Larry O'Brien: But I don't want to disparage standards, I mean, standards are needed, standards are good. When I looked at Haystack, my question was, are you guys interfacing with a standards group or is that part of the plan in the future? Or, cause a lot of these initiatives end up becoming standards, the facto standards then, honest to God, IEC standards.
John Petze: So to quickly answer and then we'll come back to it. Yes. we are working, so a little bit of preface to answer that question. I think one of the questions we're discussing today is, where is Haystack used and as we describe it, it's for the built environment, the data that comes out of the built environment. Oh, that's factories, that's buildings, that's solar installations, that's indoor agriculture, anything, the built environment and all the sensors. Right. historically there's been more take up because of where we started of Haystack in buildings and building controls. But the technology, the methodology, the way you build the vocabulary, the way you build taxonomies is not limited. It works with machine data at any time. Now. Yes. we've had some good progress to work with.
Working with ASHRAE
John Petze: One of the major standards organizations in the built environment, which is ASHRAE, the American Society of Heating, Refrigeration, Air-conditioning Engineers that one of the biggest standards organizations and we started a formal process to work with them. It'll be years down the road, likely before Haystack is adopted as a standard. It's a part of the vision. We think it needs to get there. We think before it gets to a prescribed standard, it'll be a de facto standard. In fact, today it really is. And part of the challenge is you can't solve all these problems ahead of time and standards like to do that. Right. with the wire protocol they had to figure it all out ahead of time. But with semantic modeling, society at large and our industry is still figuring out how do we use data, what do we need to do to effectively model it? So it's still open source.

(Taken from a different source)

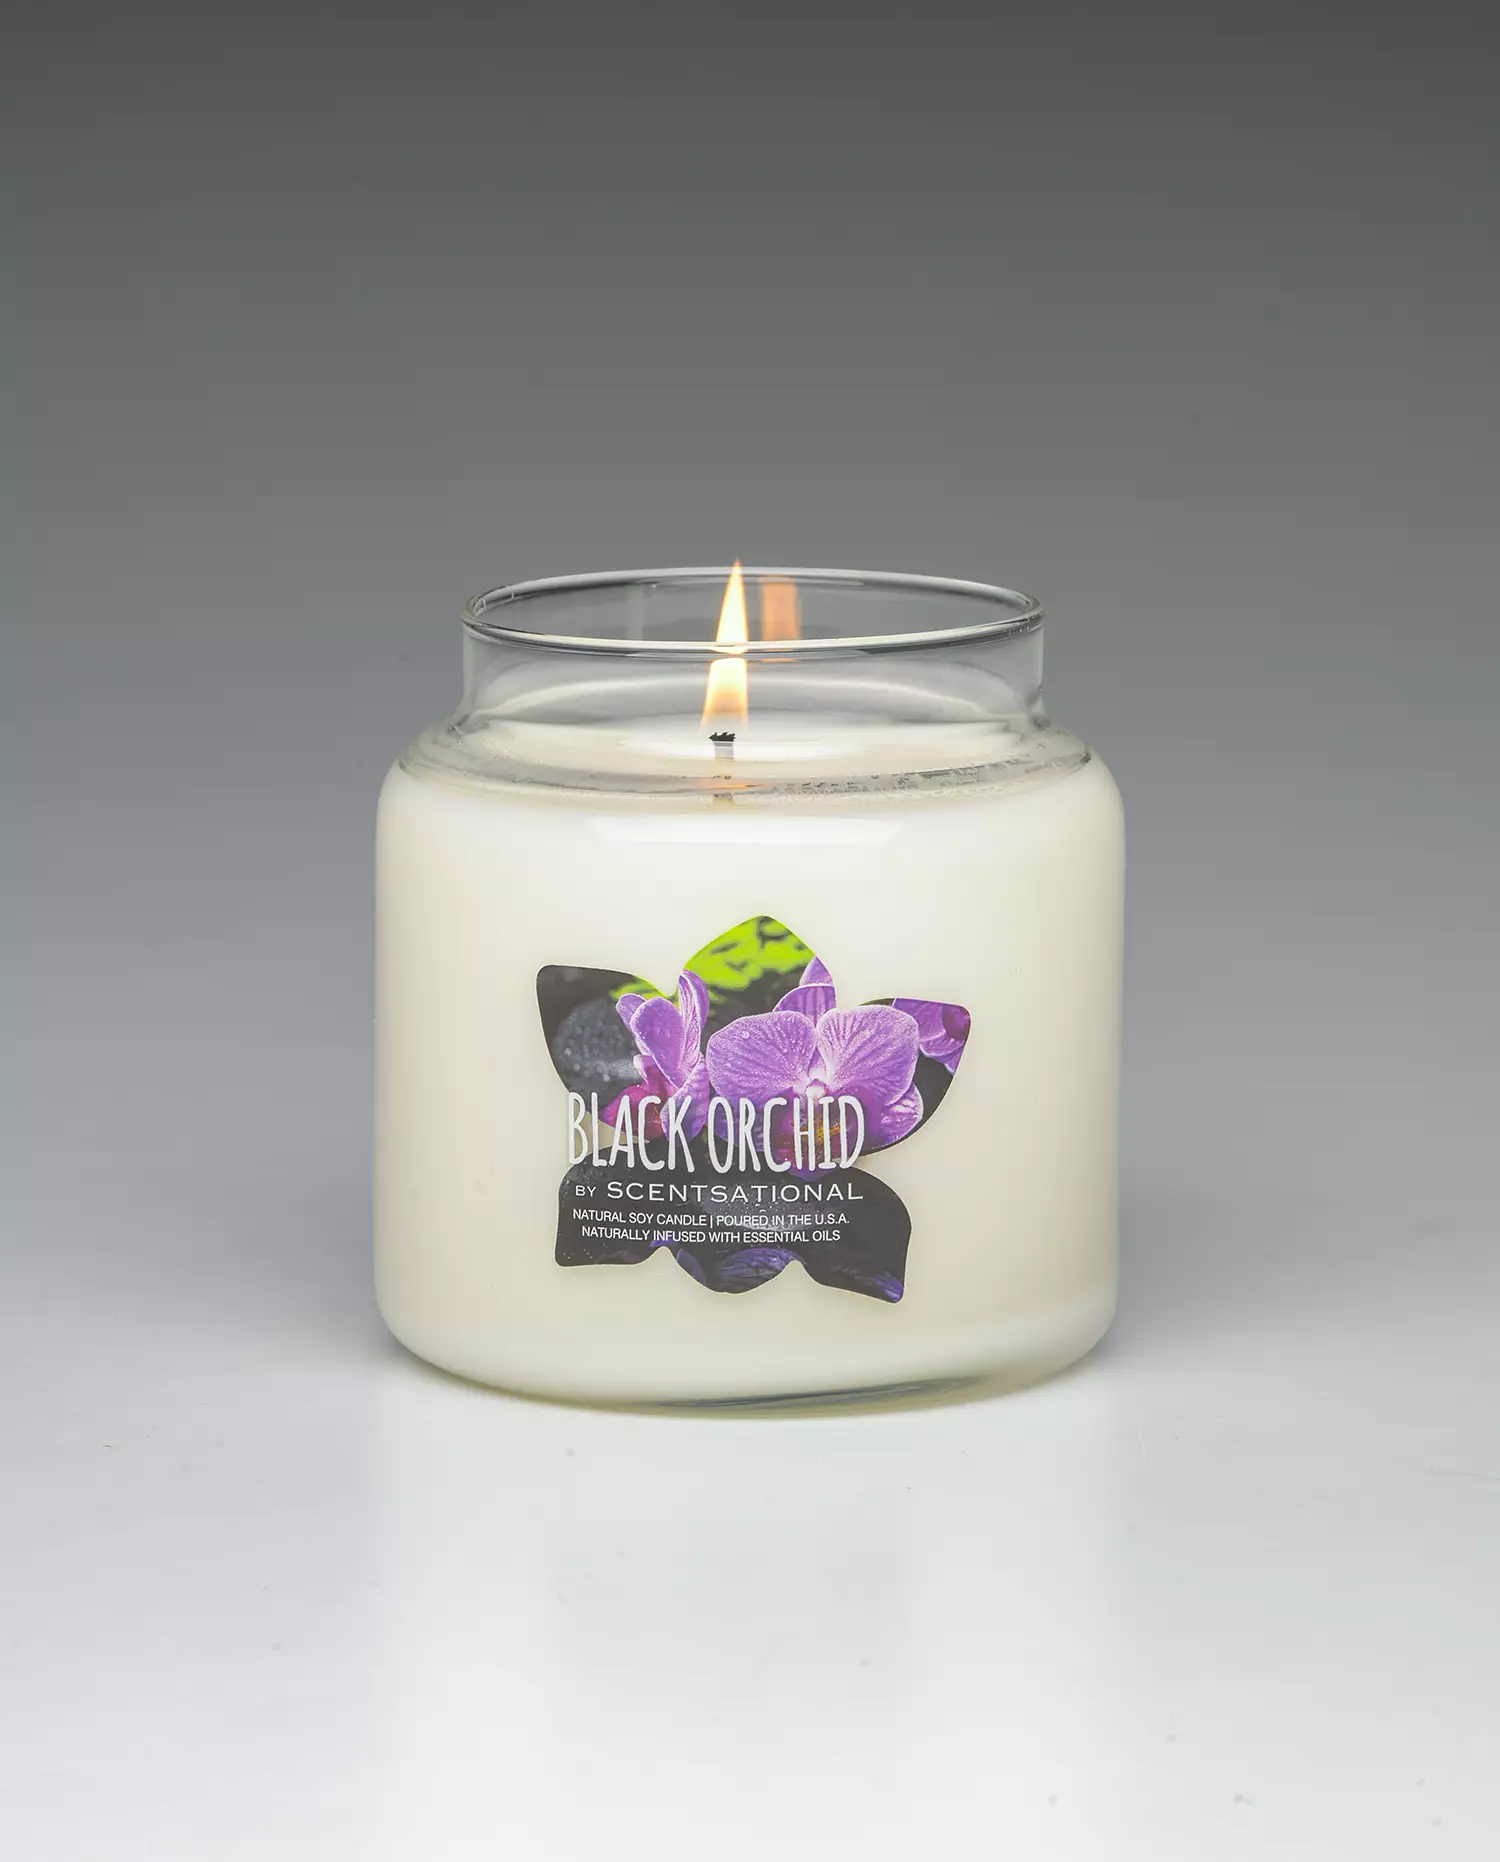 Black Orchid 19oz scented candle burning

Larry O'Brien: It isn't sort of the things you've mentioned in your paper is we haven't fully realized the promise of the semantic web. Right. Which, I remember reading about the semantic web over 10 years ago, - the promise of that. So these are not easily solvable kind of piecemeal technology problems. Yeah. These, this will be evolving.
John Petze: Our understanding has evolved. So, let's continue on. So we started with the standard vocabulary that allowed people to tag their data and applications. Could this, as we say, just work. Good example. We could suck in tag data into our software and do analytics on it because we know the meaning of the data. Great. And then we saw other people using it. For example, in SCADA systems you have the graphics of equipment and how much work that usually is. Right? I got to pick the point, I got understand what it is. I got the units and I'm going to display it this way. And in my experience what happened with graphics is more engineering effort goes to building the pretty pictures and then went into the actual control system.
Larry O'Brien: Yeah, you're absolutely right. Yeah, correct. Right, right.
John Petze: But with tag data you can say, Oh, this is an air handler. I know what picture I should grab. This is the returning a sensor, this is the valve and it can auto-generate the graphics dramatically.
Larry O'Brien: I wasn't aware that you went to level. That's really interesting.
John Petze: We have people doing that and it's astonishing the engineering savings. Okay. Because if you were building the graphic manually, you're still pulling the components out of a standard library. Right? I've got a valve, I got a pump, I've got a fan. But if it can read the data, it can say, I know what that is and I can assemble it. And we have people been doing that for a number of years.
Larry O'Brien: That is a tremendous elimination of unnecessary work as other colleagues call it. We need to eliminate unnecessary work.
John Petze: Well let me give you another one. So then people started taking another direction, right? Which is, I've got a control sequence here for a variable speed drive on a pump.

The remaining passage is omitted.